(Information supplied)
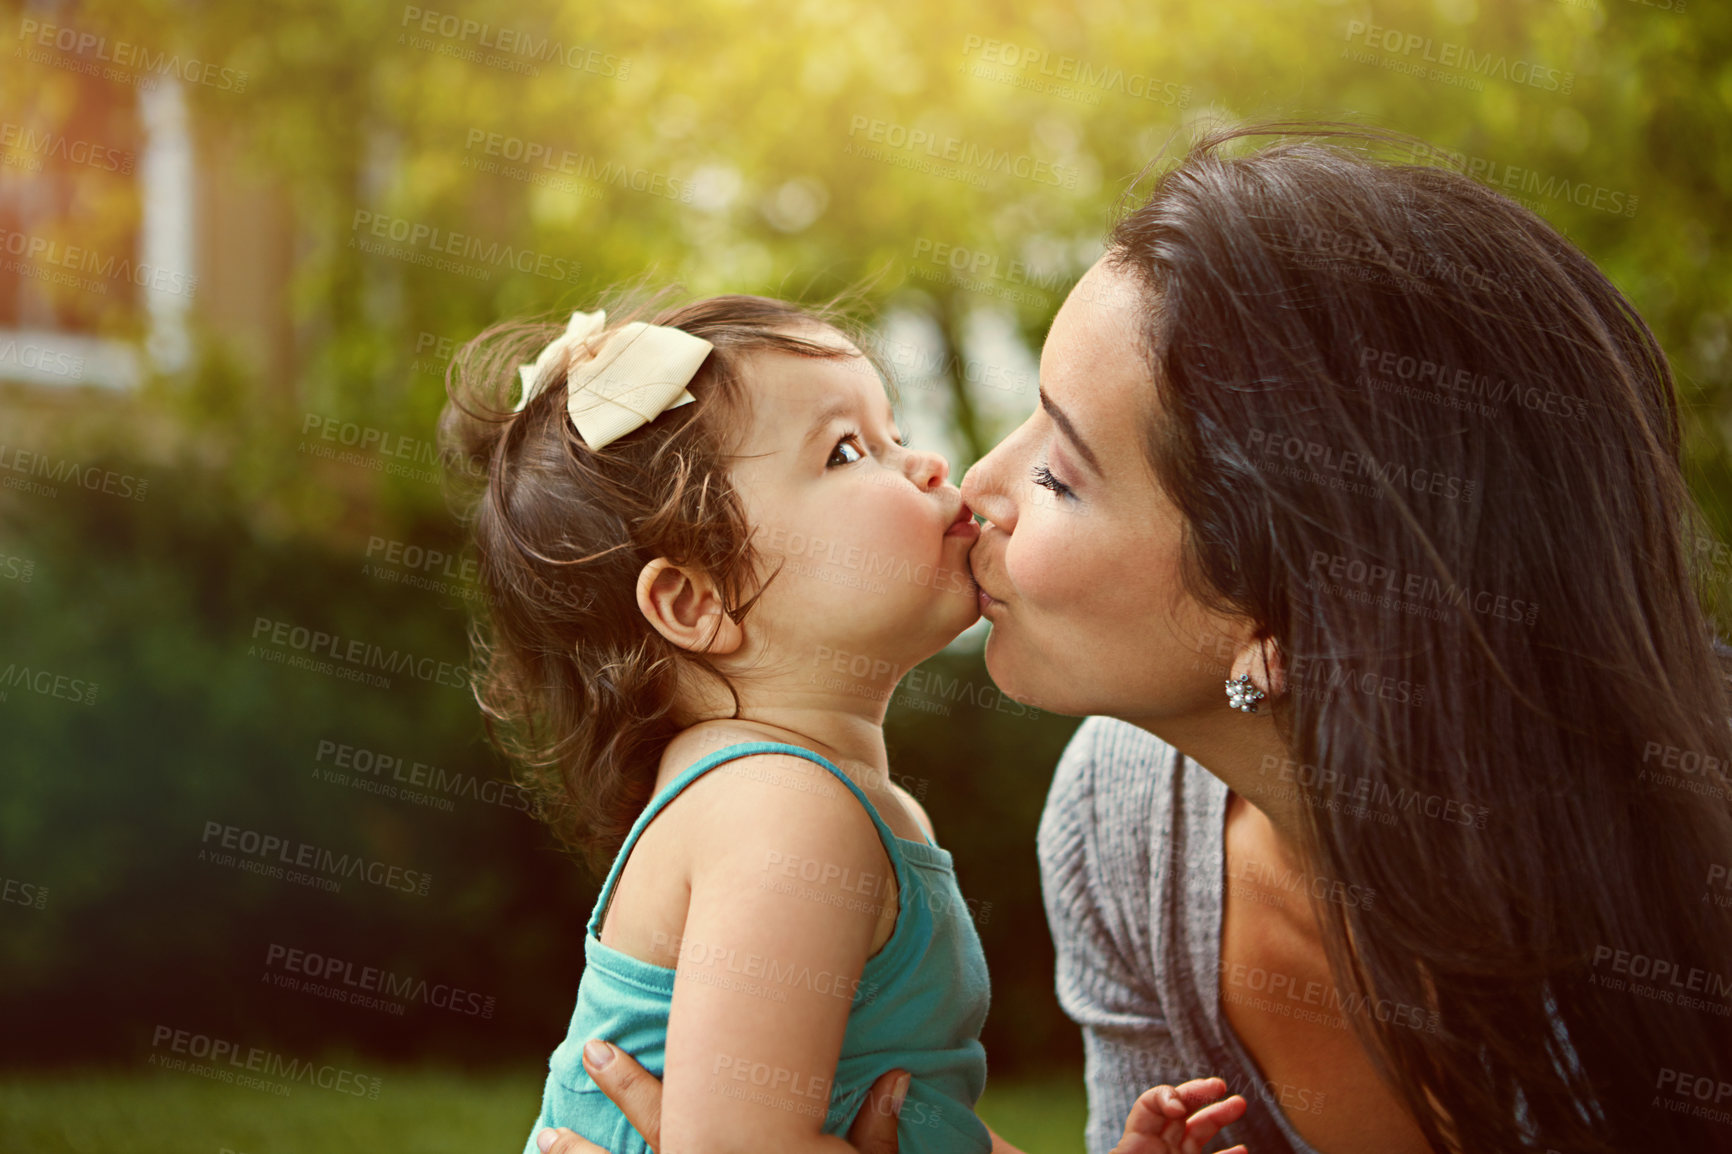 Buy stock photo Cropped shot of a mother giving her adorable little daughter a kiss outside
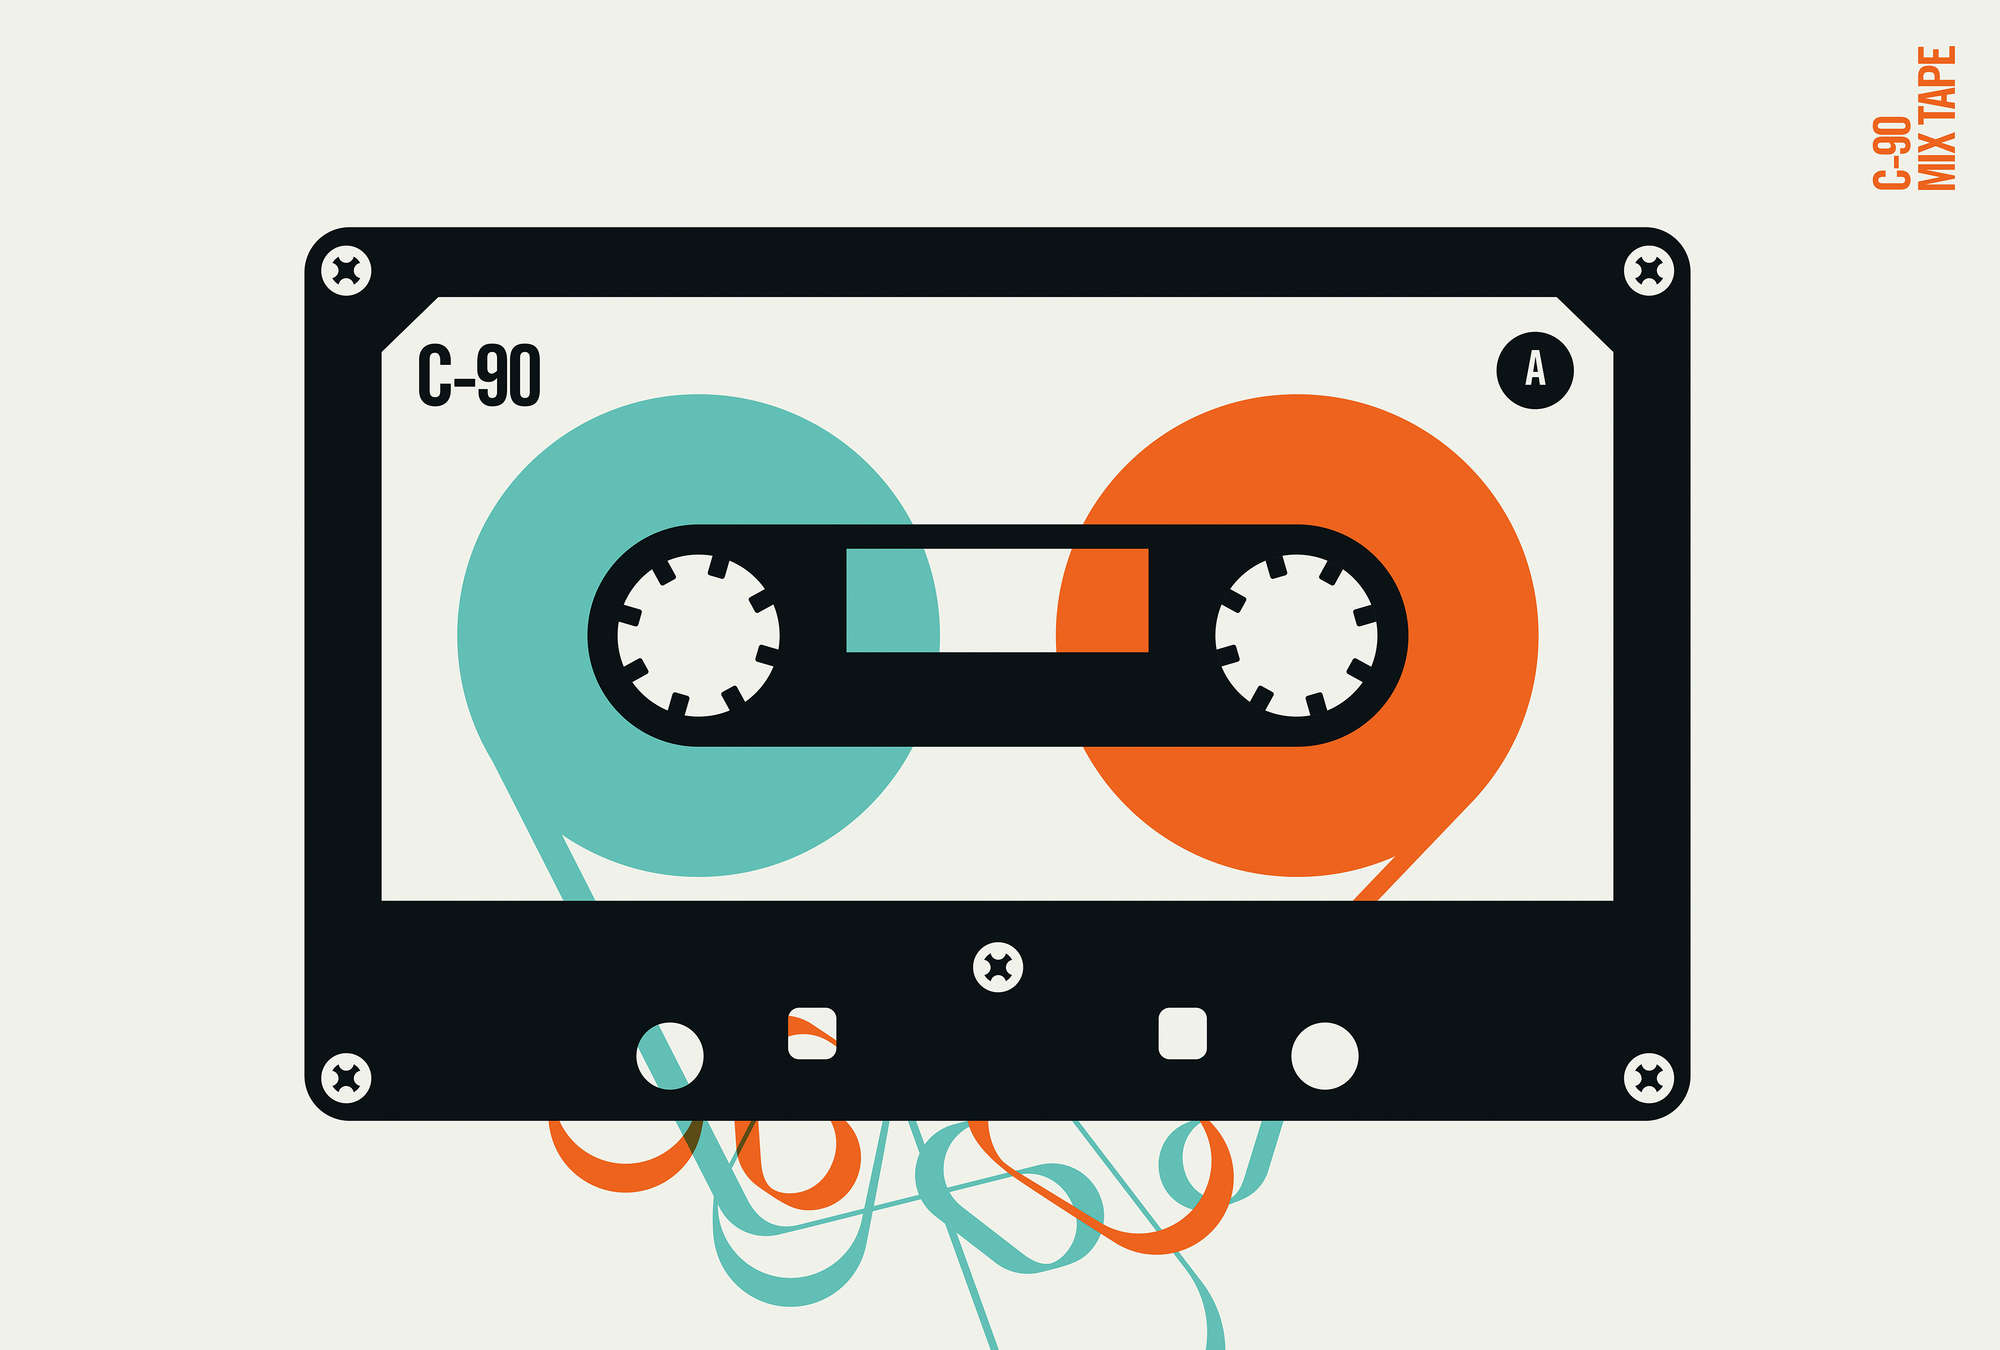             Photo wallpaper MP Mixtape with tape salad in retro style
        
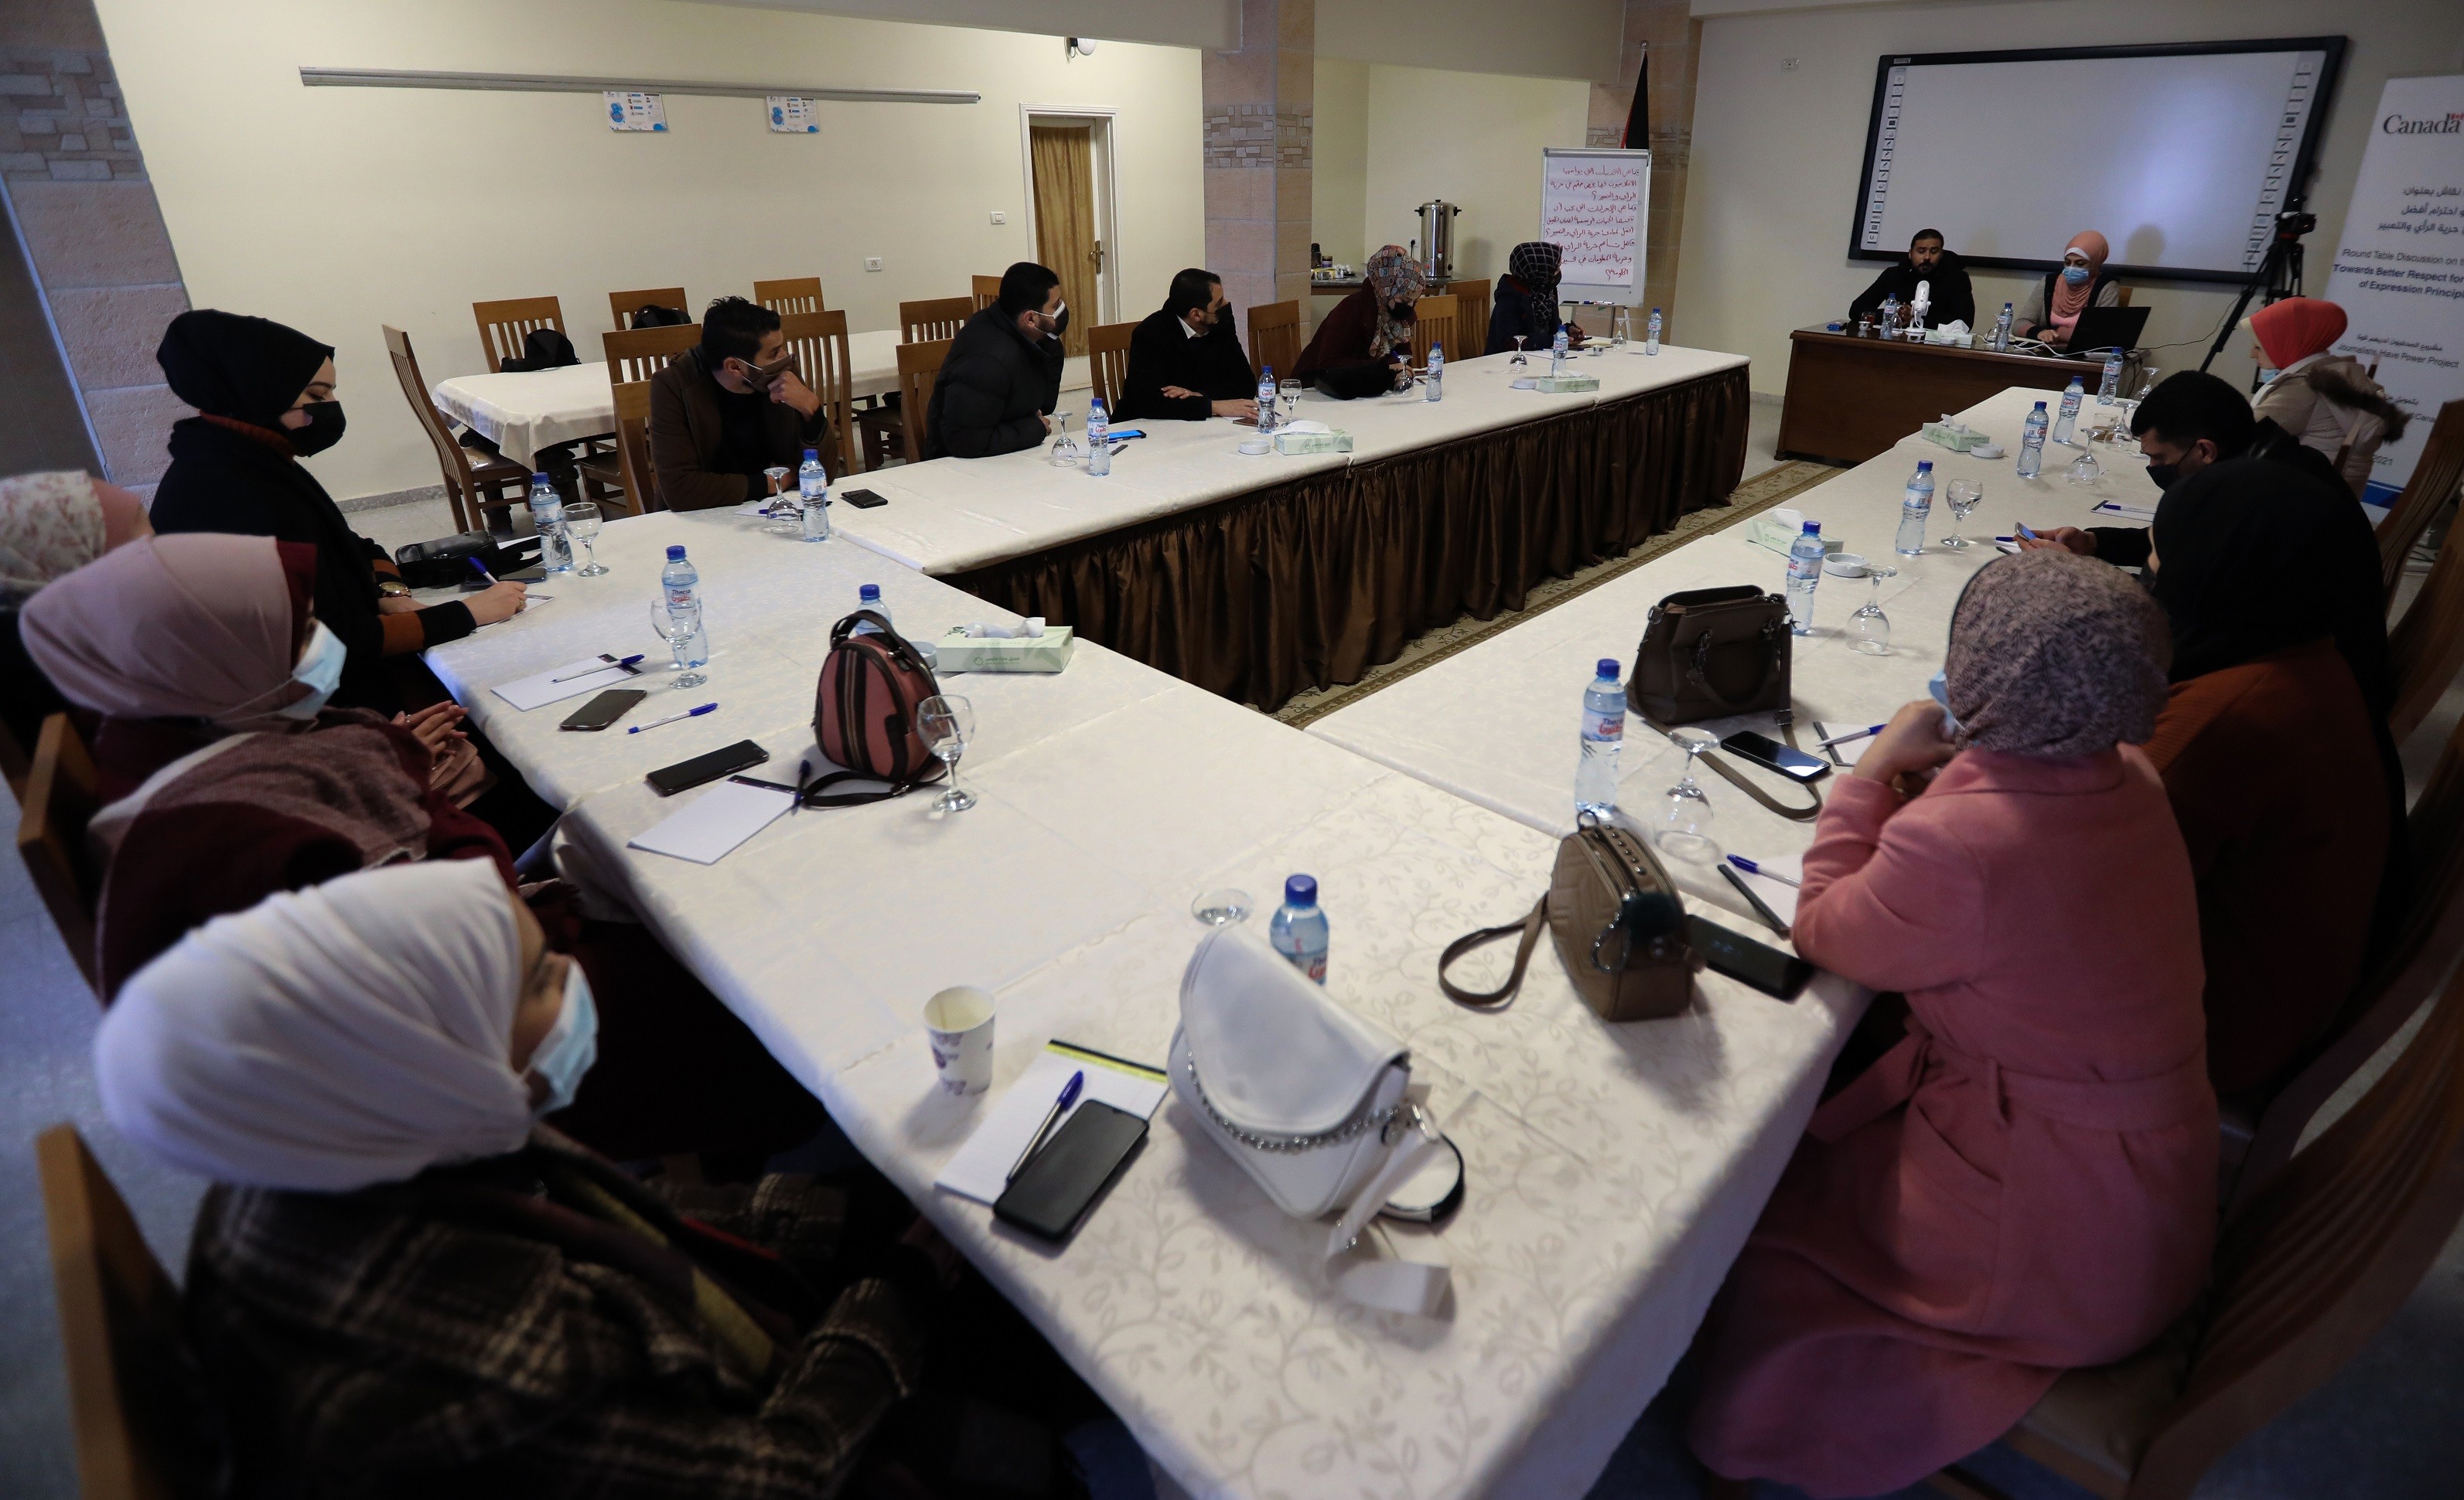 Press House organizes a round table discussion on the topic of “Towards Better Respect for Freedom of Expression Principles”

(Exercise brief)
Set down all of the material word for word, but keep each picture out.

(Solution for this task)
 Buy stock photo Cropped shot of a mother giving her adorable little daughter a kiss outside
             Photo wallpaper MP Mixtape with tape salad in retro style
        
 Press House organizes a round table discussion on the topic of “Towards Better Respect for Freedom of Expression Principles”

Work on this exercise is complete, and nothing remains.